ANSWER CP : \underset{\;\;n}max\;d_{n}=197
More precisely d_{197\cdot k -100}=197 , d_{n}=1\;\;if\;n\neq 197\cdot k-100
Solution CP
We apply the following properties:
(A) (a,b)=(a,-b);
(B) (a,b)=(a+b\cdot m,b)=(a,b+a \cdot m) , for any integers m;
(C) if (c,b)=1 then (a,b)=(a \cdot c,b).
Here (a,b) denote "greatest common divisor" for integers a and b.
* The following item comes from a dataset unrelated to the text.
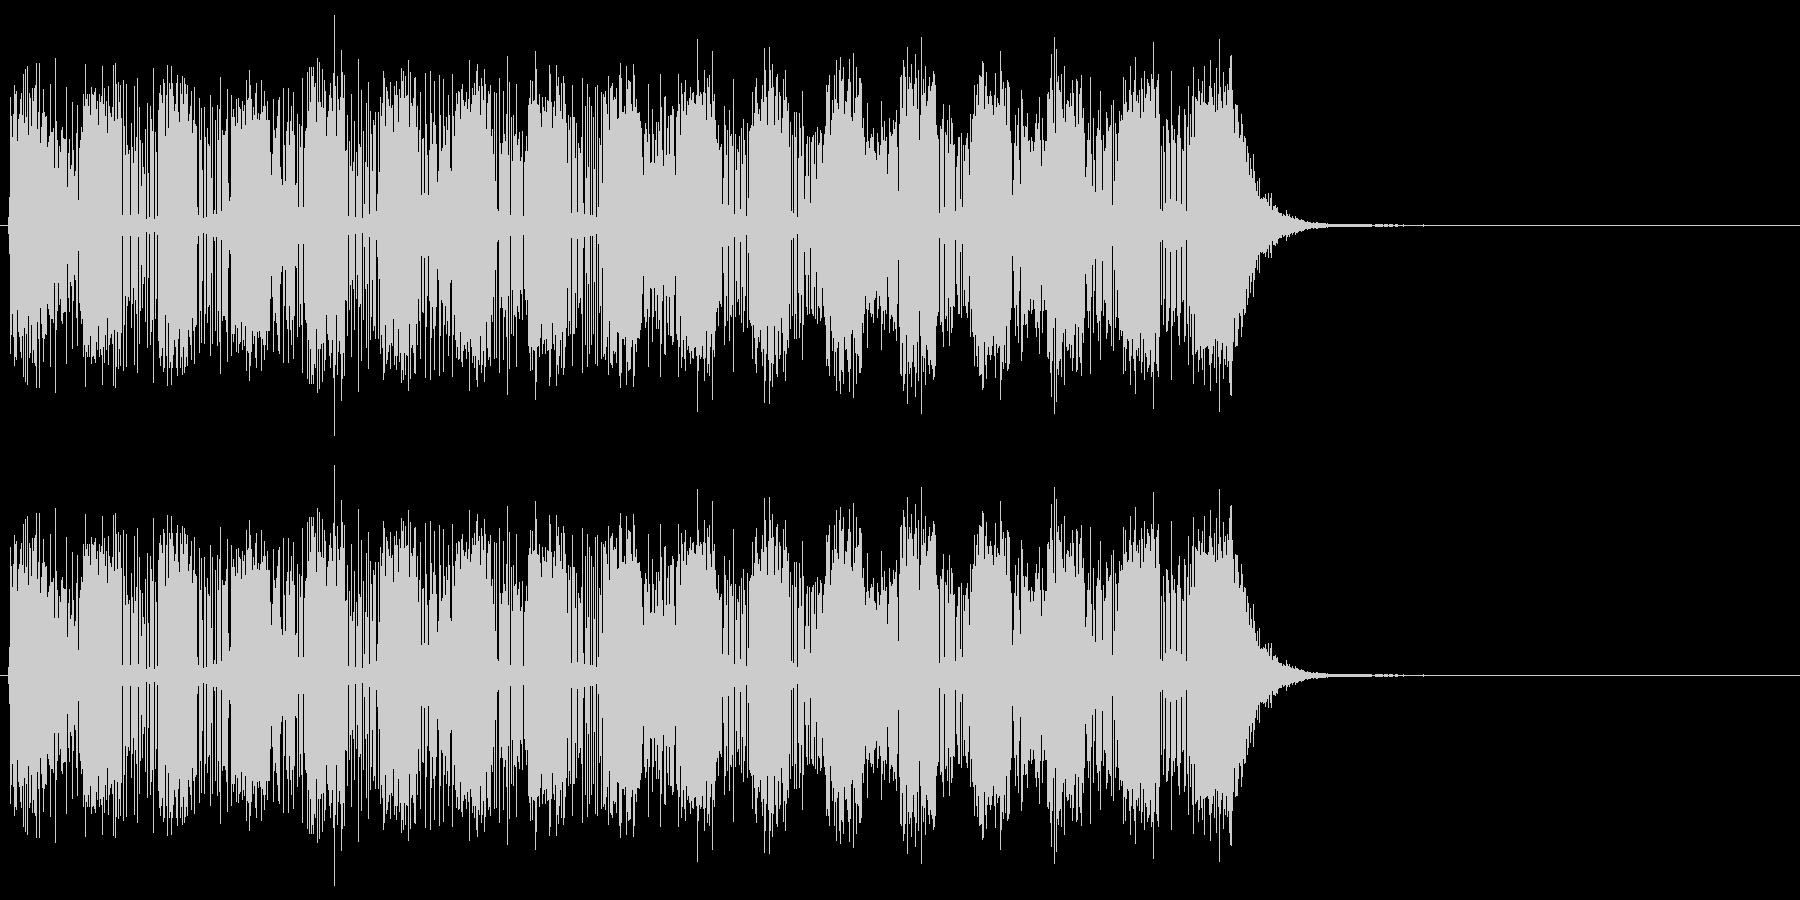 ドクドクドクドクドクとエネルギーが充填…の未再生の波形

See for (C) an ancient post.
Let d_{n}=(a_{n},a_{n+1})=(n^{2}+2\cdot n+50, (n+1)^{2}+2(n+1)+50)=
=(n^{2}+2\cdot n+50,n^{2}+4\cdot n+53)=
\overset{(B)}=(n^{2}+2\cdot n+50,n^{2}-4\cdot n+53-(n^{2}+2\cdot n+50))=
=(n^{2}+2\cdot n+50,2\cdot n+3)\;\overset{(C)}{=}\underset{(2,2n+3)=1}{=}{=}(2(n^{2}+2n+50),2n+3)=
=((2n+3)n+n+100,2n+3)\overset{(B)}{=}(n+100,2n+3)\overset{(B)}{=}(n+100,2n+3-2(n+100))=
\overset{(A)}{=}(n+100,197).
The number 197 being prime
if n+100=197\cdot k then d_{n}=197
and if n+100=197\cdot k+r, r=1, 2, ... ,196 then d_{n}=1.
\blacksquare
Examples
a_{96}=5458=2\cdot 4729;
a_{97}=9653=7^{2}\cdot 197, hence d_{96}=1
a_{98}=9850=2\cdot 5^{2}\cdot 197 , hence d_{97}=197
a_{99}=10\; 049=13 \cdot 773, hence d_{98}=1
....................................................................................................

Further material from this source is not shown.